**The problem:** What you write should match, word for word, the lines from the one containing "EDMクラブ系、製品紹介、商品紹介-01の未再生の波形" through the end of the data, with no pictures.

Source material section start

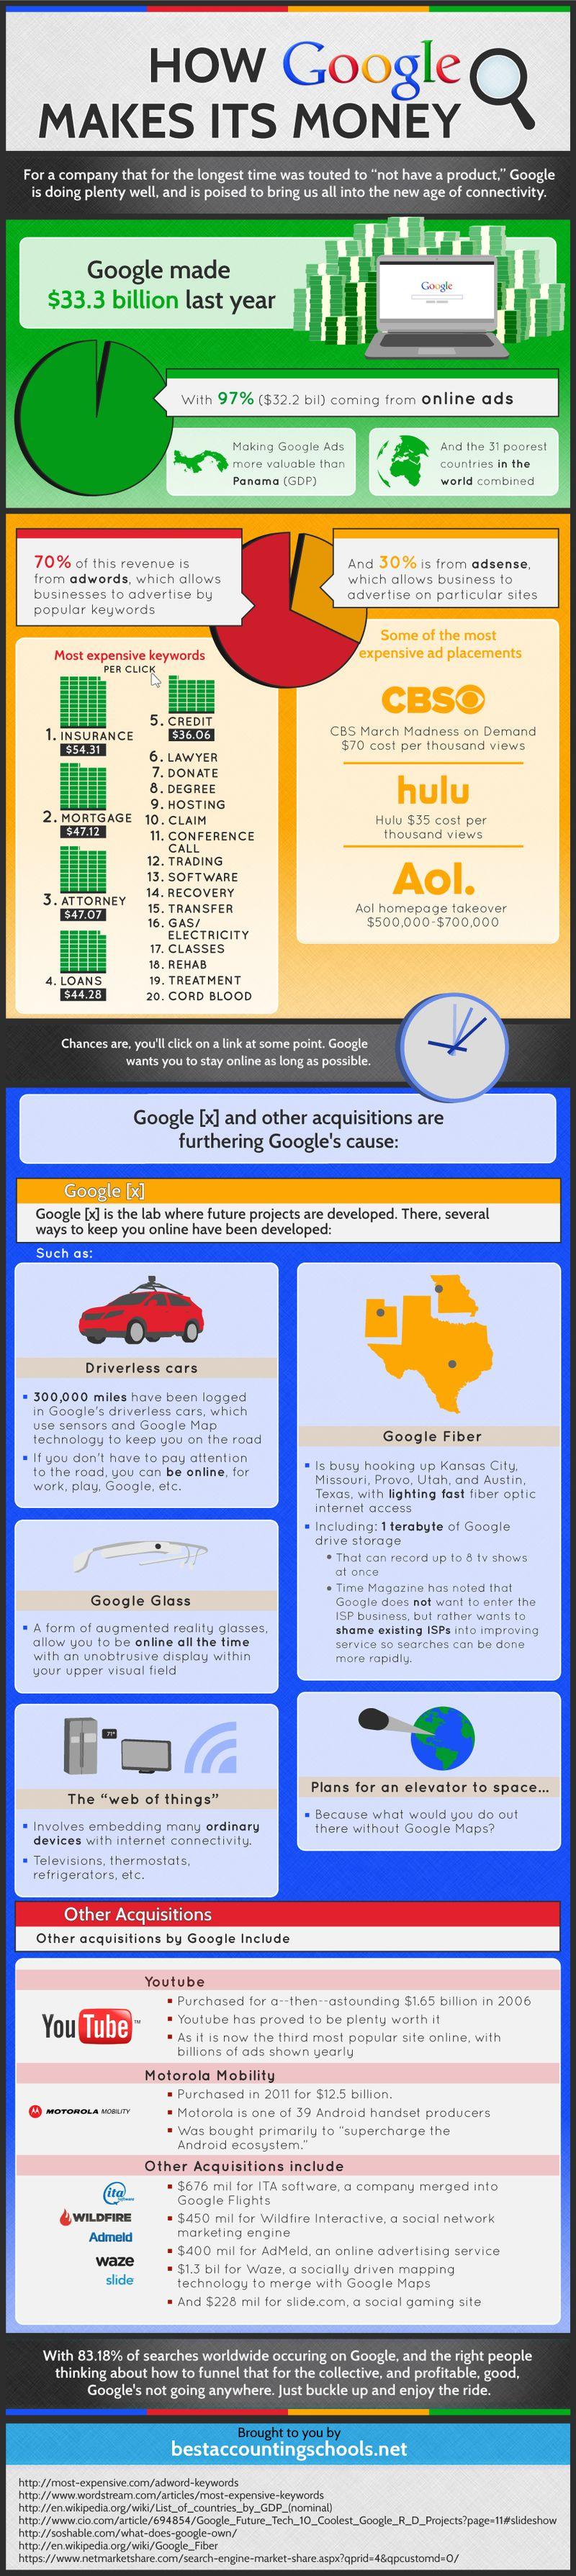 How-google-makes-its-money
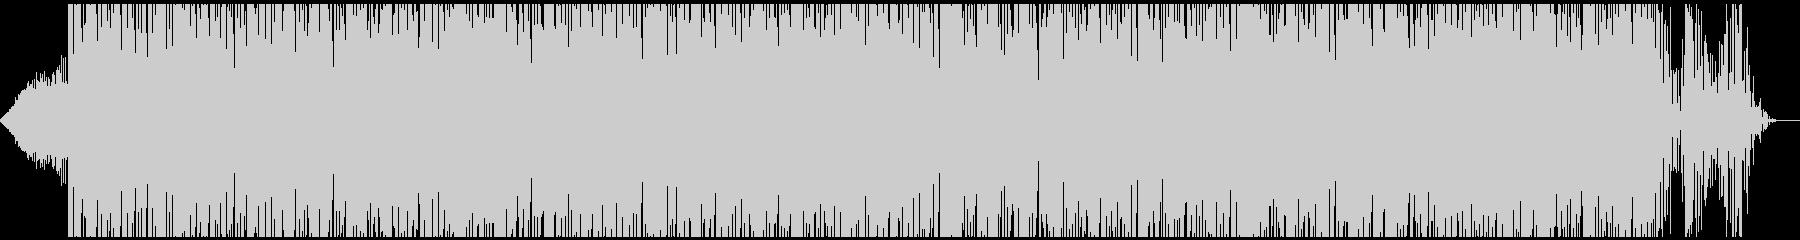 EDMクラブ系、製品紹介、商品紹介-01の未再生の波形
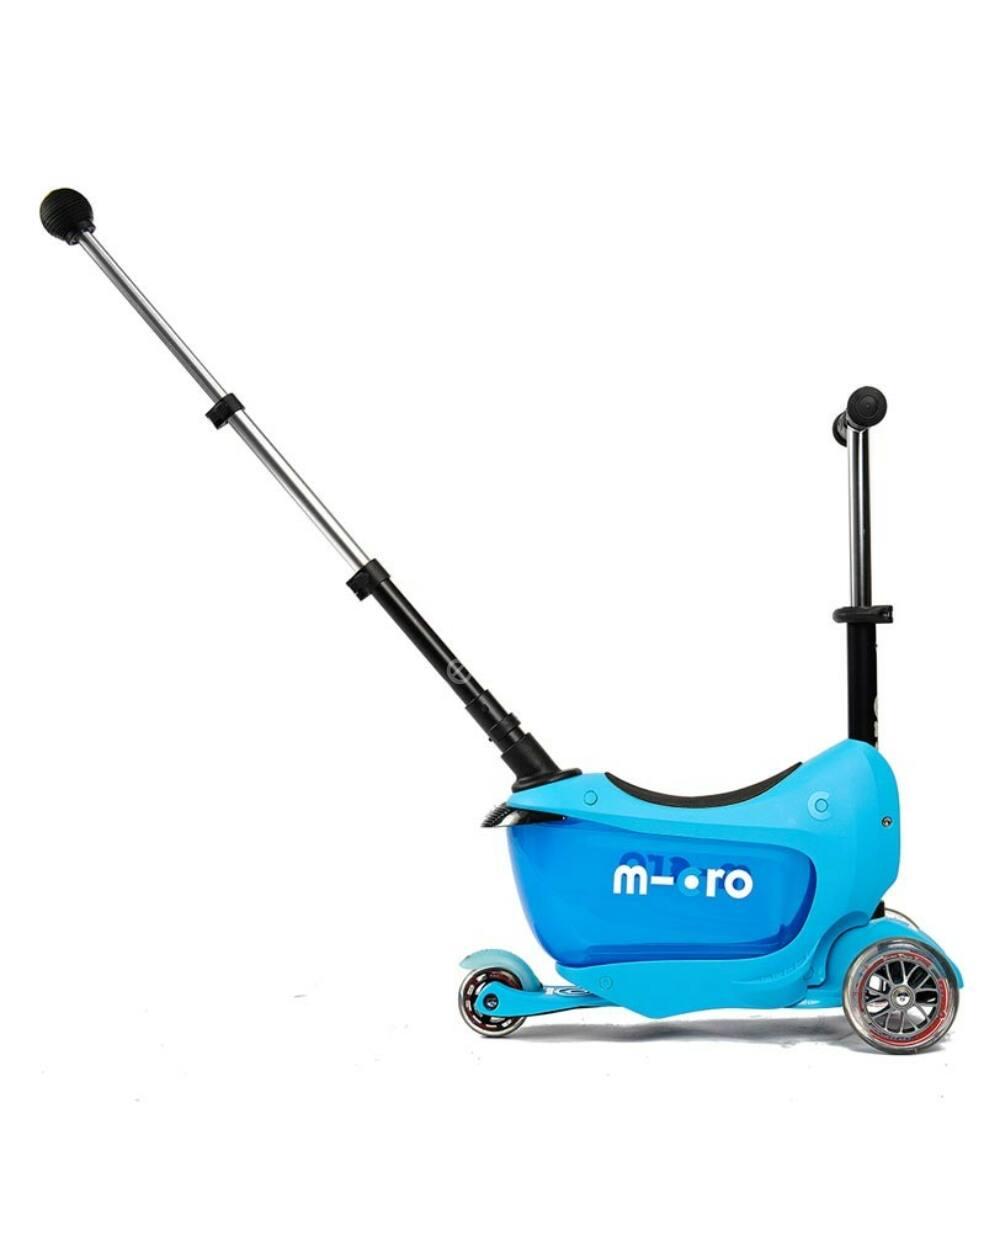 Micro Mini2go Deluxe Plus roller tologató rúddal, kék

Source material section end

**Output for this task:**
 EDMクラブ系、製品紹介、商品紹介-01の未再生の波形
 Micro Mini2go Deluxe Plus roller tologató rúddal, kék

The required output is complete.